Dr Kesten, co-lead author of the new study published in Nature Communications and now a researcher at ETH Zurich, says the CC1 protein works on multiple stages of the cellulose synthesis process.
"We know that part of the CC1 protein binds to the cellulose synthase proteins in the cell membrane, but the protein also contains a part on the inside of the cell that binds to microtubules," he says.
"And that seems to be what is really important for the proteins to help the plant to withstand salt stress. So, we were really interested in the part of the protein that binds to microtubules."
Professor Persson, Dr Kesten and their colleagues in Australia, Germany and Switzerland then set out to better understand the structure of CC1 and how it worked, and in the process found an intriguing link between CC1 and Tau.
"We took a multitude of different approaches to try and decipher how CC1 binds to microtubules, locate the binding regions in the proteins, and assess if we could mutate some of those to abolish the microtubule-related function of the proteins," says Dr Kesten.
Mr Arndt Wallmann, a PhD student at FMP Berlin and co-lead author of the study, says the team got excited when they found that CC1 has four linear motifs that attach directly to microtubules.
"The binding motifs are spaced in a certain way, and when we looked at that spacing between those four domains and the highly dynamic properties of the binding, it's very, very similar to what you see in the Tau protein," says Mr Wallmann.
"That got us pretty excited because Tau is probably the most studied microtubule protein in biology – if you look up Tau on MEDLINE you will find thousands of papers."
"People have looked for quite some time for close relatives of Tau in other kingdoms but none have been found in plants," says Professor Persson.
Professor Oschkinat, from FMP Berlin, explains that the similarities don't end with the number and spacing of binding domains, making the connection between the two even more interesting.
"Nuclear Magnetic Resonance showed us that CC1 is an unstructured protein, in that it doesn't have the typical sheet-like or helical structure found in most proteins. That's also the case for Tau," he says.
"Hydrophobic amino acids are enriched in the microtubule binding motifs of CC1. That's also found in Tau.
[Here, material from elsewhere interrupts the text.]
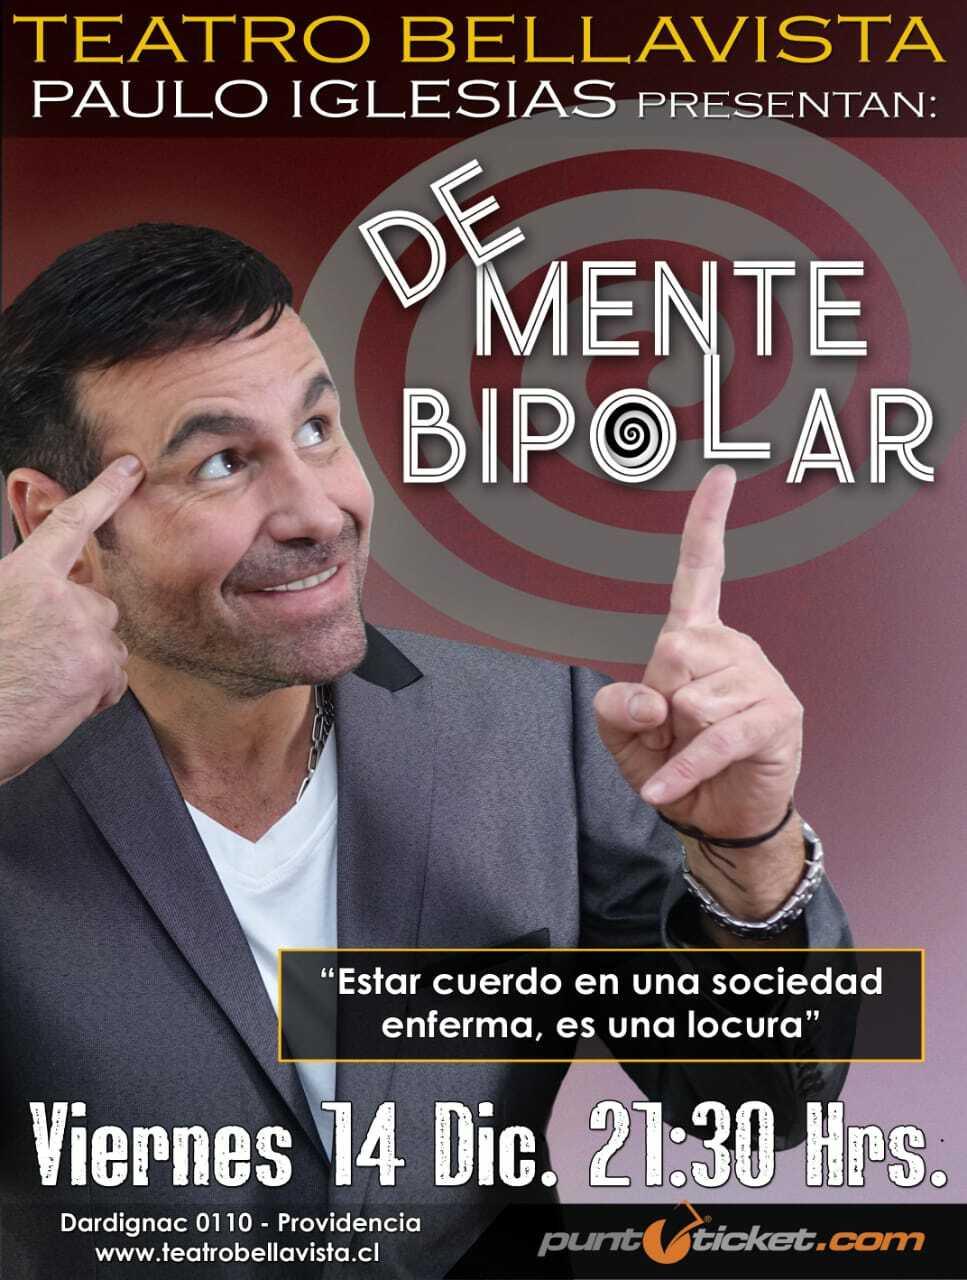 Paulo Iglesias de Mente Bipolar

And when we matched the segments of amino acids that make up the microtubule binding domains of the two proteins, they are surprisingly similar in composition."
The obvious conclusion from this would be that Tau and CC1 both come from a common, ancestral protein that existed before plants and animals took different branches in the tree of life, but the lead authors don't think this is the case.
"One possibility is that this shared function might have come about via convergent evolution, so basically you start with two, relatively unrelated proteins, and then the function of those proteins converges over time into being similar, yet they probably come from different ancestor proteins," says Professor Persson.
"The reason we think this, is that Tau has other protein domains as well, and we can't find those in the CC1. Likewise, CC1 is a trans-membrane protein, so it spans the cell membrane, and that's not the case for Tau," Dr Kesten says.
"So apart from these microtubule binding or bundling or stabilising functions, the other parts of the two proteins likely have completely different functions," Mr Wallmann adds.
Having found the link, the researchers are now trying to combine the two proteins, CC1 and Tau, to better understand how they work.
"We've screened the first batch of seeds where we took the CC1 and exchanged the piece that is inside the cell for the correlated part of Tau," says Professor Persson.
Professor Persson thinks that by doing this type of manipulation they can change the function of the microtubule binding capacity of the proteins.
"Adding part of Tau into CC1 might not be ideal for the function of this protein in the plant cell, but it might teach us quite a lot about how this interaction is happening and how this affects the protein function," he says.
"And that could also be very important for our understanding of the protein in neurons."